Here we'll be using the same diabetes dataset to compare these results to the other models later today :)

## Loading the Data

In [1]:
#imports
import numpy as np
import pandas as po
from sklearn.model_selection import train_test_split
from sklearn.metrics import accuracy_score
from sklearn.preprocessing import StandardScaler
from sklearn.neighbors import KNeighborsClassifier

In [2]:
#loading pima indians diabetes dataset
url = "https://raw.githubusercontent.com/jbrownlee/Datasets/master/pima-indians-diabetes.data.csv"
names = ['preg', 'plas', 'pres', 'skin', 'test', 'mass', 'pedi', 'age', 'class']
data = po.read_csv(url, names=names)

#  'preg': number of pregnancies  
#  'plas': plasma glucose concentration 
#  'pres': blood pressure 
#  'skin': skin thickness
#  'test': Insulin
#  'mass': BMI
#  'pedi': diabetes pedigree function
#  'age': age
#  'class': '0' means does not have diabetes and '1' means has diabetes

data.head()

Unnamed: 0,preg,plas,pres,skin,test,mass,pedi,age,class
0,6,148,72,35,0,33.6,0.627,50,1
1,1,85,66,29,0,26.6,0.351,31,0
2,8,183,64,0,0,23.3,0.672,32,1
3,1,89,66,23,94,28.1,0.167,21,0
4,0,137,40,35,168,43.1,2.288,33,1


## Splitting Testing/Training Data

In [3]:
# columns we will use to make predictions with
x_cols = ['preg', 'plas', 'pres', 'skin', 'test', 'mass', 'pedi', 'age']

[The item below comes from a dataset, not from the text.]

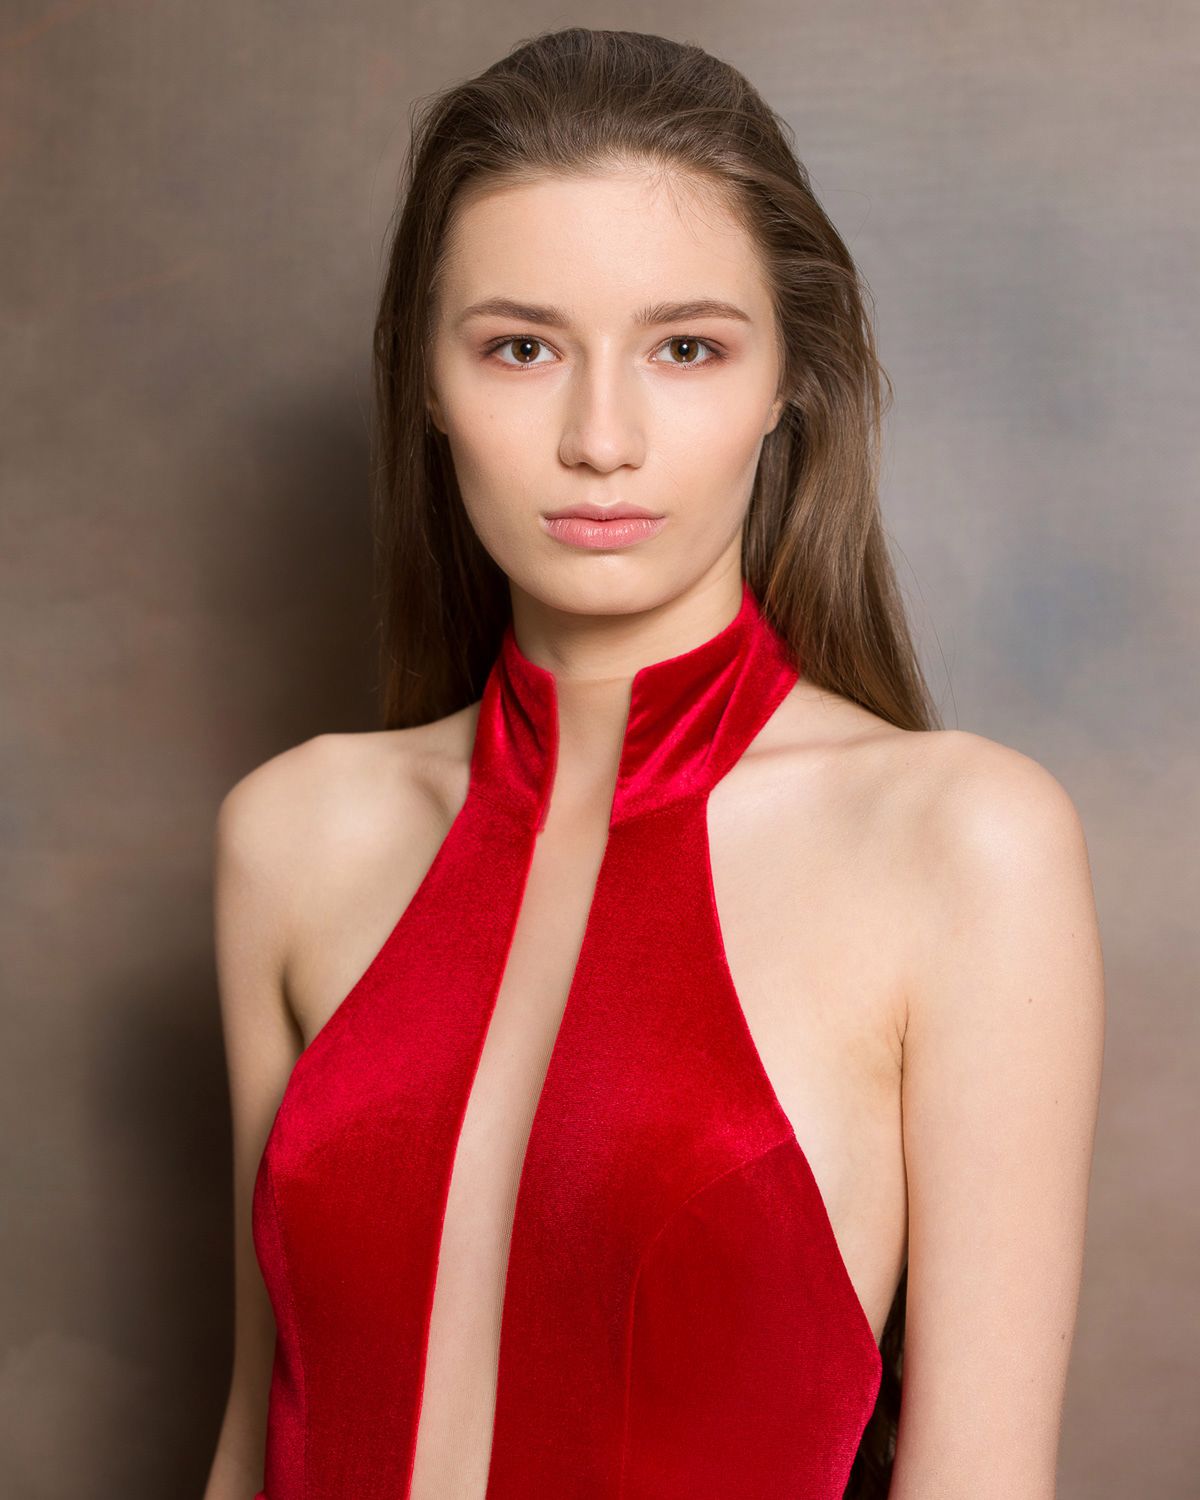 Kandydatka nr 1: Nina Ampulska, 18 lat, Ostrołęka

# column that we want to predict
y_col = 'class'

# 80-20 split of dataset
test_size = 0.2
x_training, x_testing, y_training, y_testing = train_test_split(data[x_cols], data[y_col], test_size=test_size, random_state=0)

## Creating Model

In [15]:
# creating a model with sklearn's k nearest neighbors, play around with the parameter to up the accuracy!
knn = KNeighborsClassifier(n_neighbors = 5)

# training/fitting model with training data
knn.fit(x_training, y_training)

KNeighborsClassifier(algorithm='auto', leaf_size=30, metric='minkowski',
           metric_params=None, n_jobs=None, n_neighbors=5, p=2,
           weights='uniform')

## Evaluating Model

In [16]:
#printing accuracy of testing & training data
y_train_pred= knn.predict(x_training)
print("Training Accuracy is ", accuracy_score(y_training, y_train_pred)*100)
y_test_pred= knn.predict(x_testing)
print("Testing Accuracy is ", accuracy_score(y_testing,y_test_pred)*100)

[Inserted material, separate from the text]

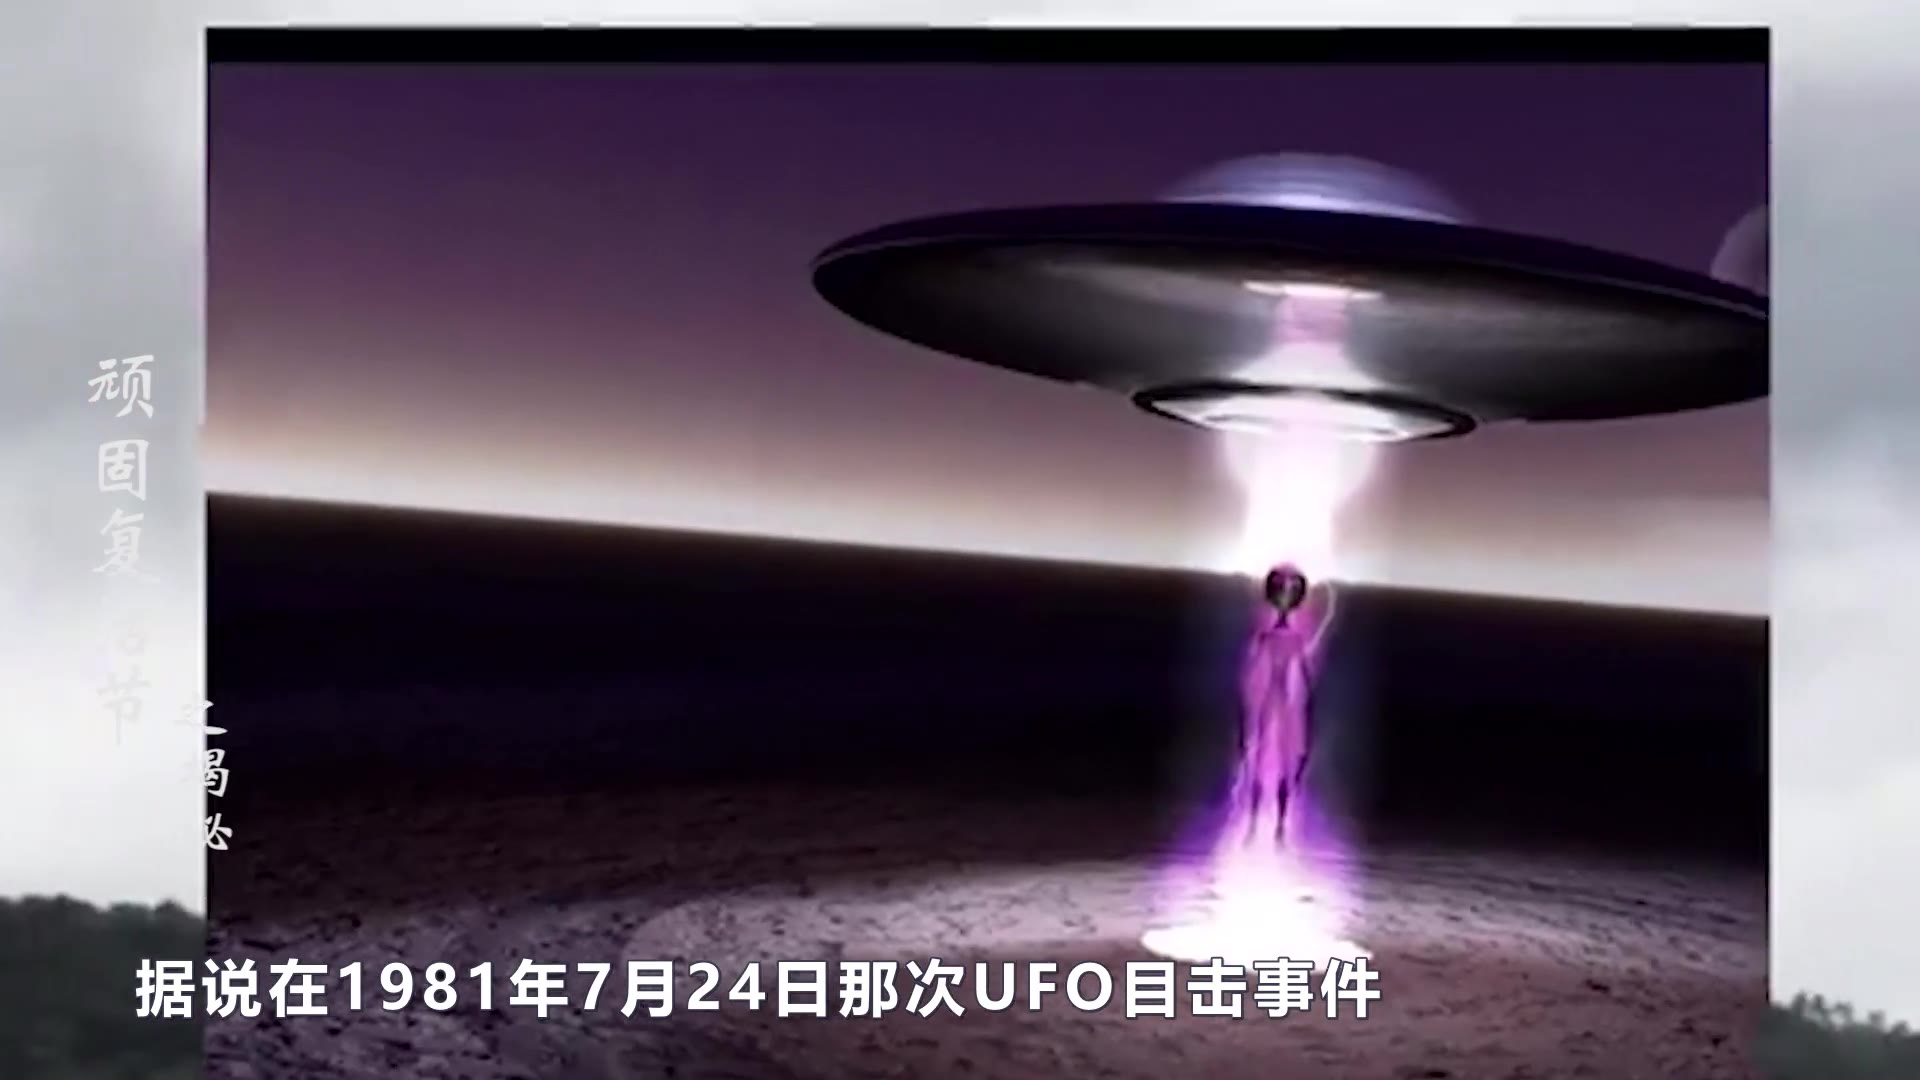 ufo真实事件案件图片

Training Accuracy is  81.10749185667753
Testing Accuracy is  79.87012987012987


## Notes

**Advantages**
- A good and quick starting point/baseline classifier
- Non-parametric (can be used with data that does not fit a normal distribution)

**Disadvantages**
- Degrades with high-dimension data (because there is less difference between closest and furthest neighbors)
- Unclear how to handle non-numeric features
- Doesn't handle data with skewed class distribution well (if one class is extremely dominant in the training data, it will dominate the "voting majority" for classifying new data)